Stereo speakers determine the overall audio quality of your sound system more than any other element. They basically work by taking the electrical signals coming from the amplifier and converting it into acoustic energy, thereby creating sound. There are several different types of designs and models of speakers, as there’re multiple different ways to achieve this task. The different types of speakers do have different strengths and weaknesses. Sound is a very personal decision and so you should listen to a number of models before purchasing speakers. There is no best’ speaker per se, only the one that is right for you and meets your preferences and needs.

The most basic speakers have been designed to be “full range,” which means they cover the entire sound frequency range as perceived by human ear (20 Hz/very low-bass to 20,000 hertz/very high notes). However, these speakers have a drawback – bass response is typically nonexistent and higher sound frequencies are-dull. You can obtain more precise sound reproduction through use of a variety of speakers that are dedicated to reproducing smaller sound range. Woofers and sub-woofers are large speakers that are designed to re-produce only low-frequency bass-sounds. The aptly named mid-range drivers handle the-middle range frequencies. Some sound systems take it one-step further and employ a specialized mid-bass driver to handle-the troublesome sound-frequencies between low bass and mid-range. Tweeters are the-smallest of the specially-designed drivers and re-produce the upper-treble frequencies.

  1. Amplifiers

Also known as a receiver, the amplifier pulls the whole sound system together. A good receiver is required to accept audio and video signals from all source components in your sound system. It magnifies audio signals which are transmitted to the speaker. A standard amplifier is actually 3 or 4 components in-one. It features a tuner, which’s what you typically use to-listen to the radio. It also contains a-pre amplifier, which accepts signals from your other source components, lets you to pick among them, allows you set the sound volume, and offers some degree of (mostly-current) amplification; and it does contain a power-amplifier, which accepts signals from the preamplifier and produces signals that actually drive the-speakers. If the sound receiver has a phono-input (few do these days), then it also does contain a phono preamplifier, which accepts the very-low level signals from the turn-table, applies RIAA-correction, and then amplifies it to a level fit for the main pre amplifier to handle. For home theaters, you need a receiver compatible with your surround sound system.

  1. Cables

Cabling is considered to be a system component. It certainly makes a difference. Better cables can get rid of a-number of obstacles to music enjoyment. Intuitively it sounds like it is adding to the sound quality but logically you’re just hearing less degradation. The sound qualities can include more natural high frequencies, more detail, better bass, more spacious, blacker silence, etc. Although it seems counter-intuitive, digital cables can also make a difference. While its 1’s and 0’s being passed along, it’s the precise timing that is essential and good cables help prevent timing errors. Timing errors (jitter) as small as 100 picoseconds can be audible. Different sound system cables perform different functions. There are customized sound system cables as well as simple wires with multiple uses. You may want to hire an electrician to perform the wiring for you.

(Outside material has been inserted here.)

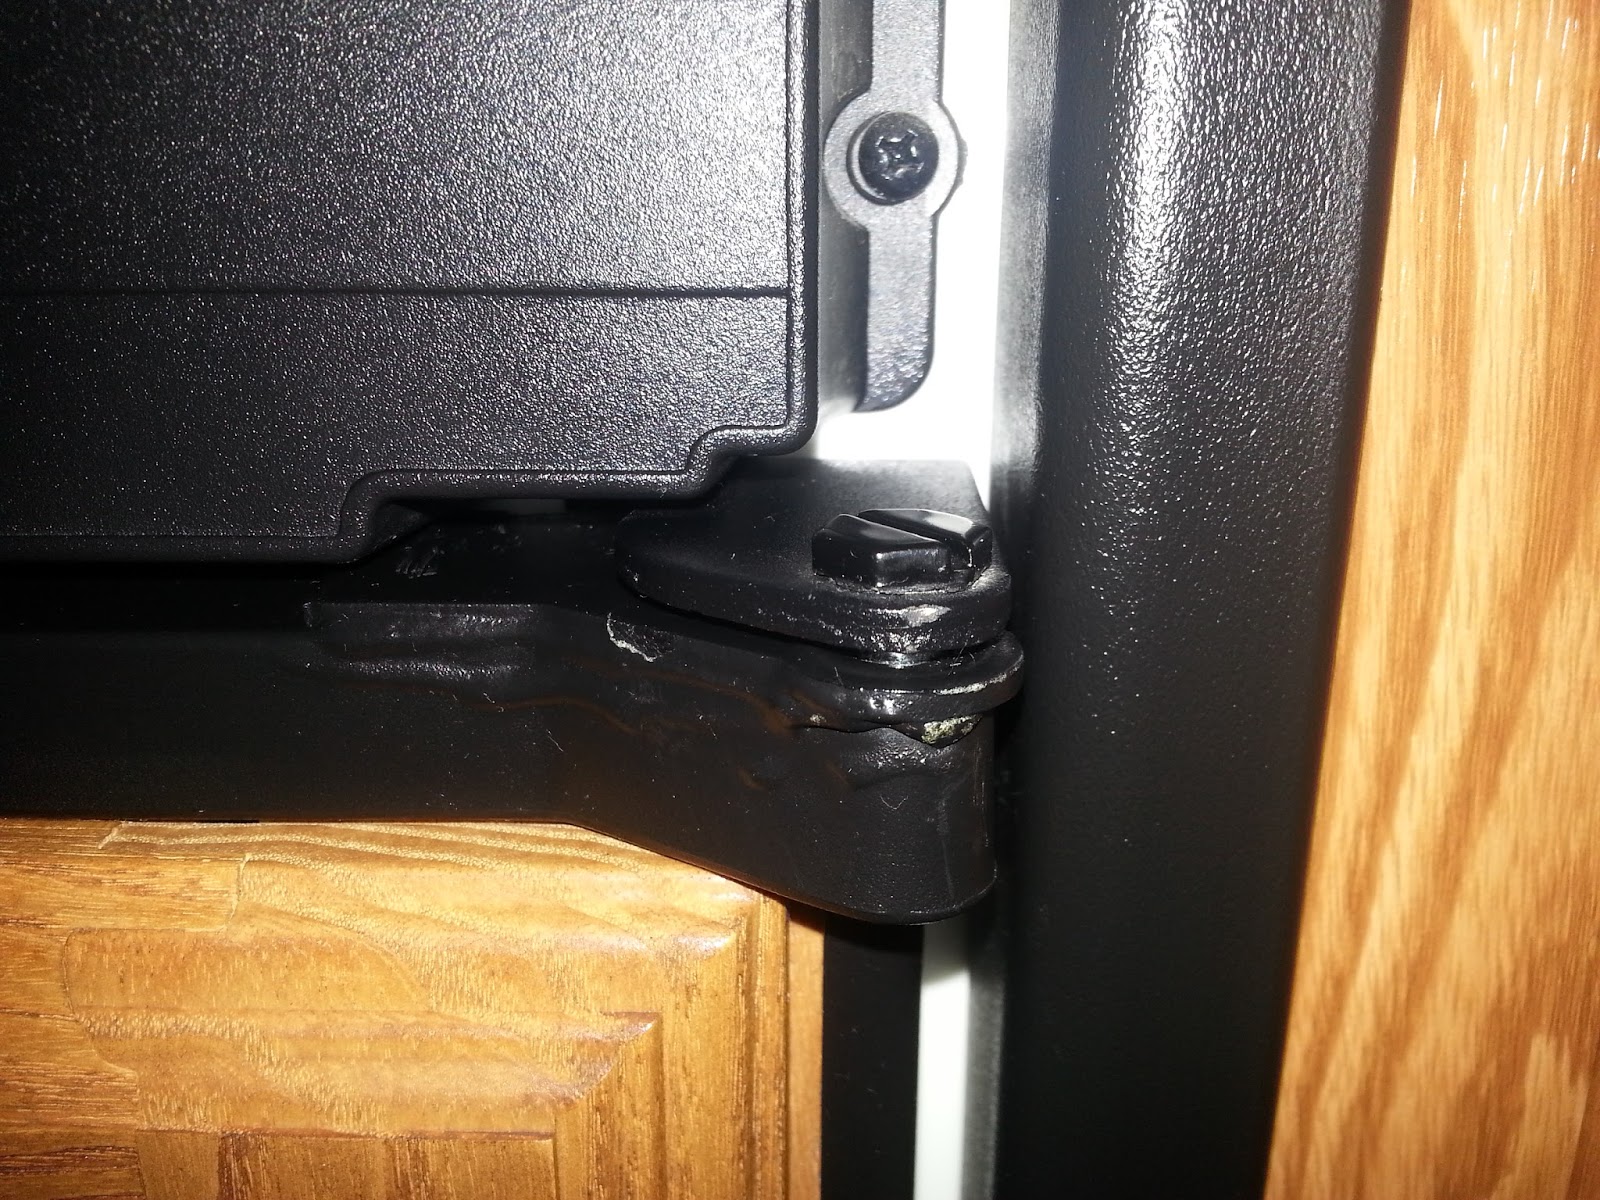 Norcold Fridge Replacement Hinges: Shameful Engineering by Norcold

  1. Stereo System Accessories

Accessories can help you get the most from your sound system. They include premium speaker wires which can improve performance and make your listener experience more enjoyable. A speaker stand is useful for getting the best audio from bookshelf speakers and a high quality headphone can be a good substitute for sound system in an apartment, condo or dorm room.

Conclusion

Beyond the basics or essential components of a sound system includes advanced surround sound speakers, automatic room equalization systems which compensate for typical room acoustic problems, and HD projectors. When all parts of a sound system come together, you can truly enjoy theater-like ambiance and audio quality at home. As you can-see, sound systems have come a very long way since the first AM-tube radios were produced.

Make sure to check out this great video about speakers that I found!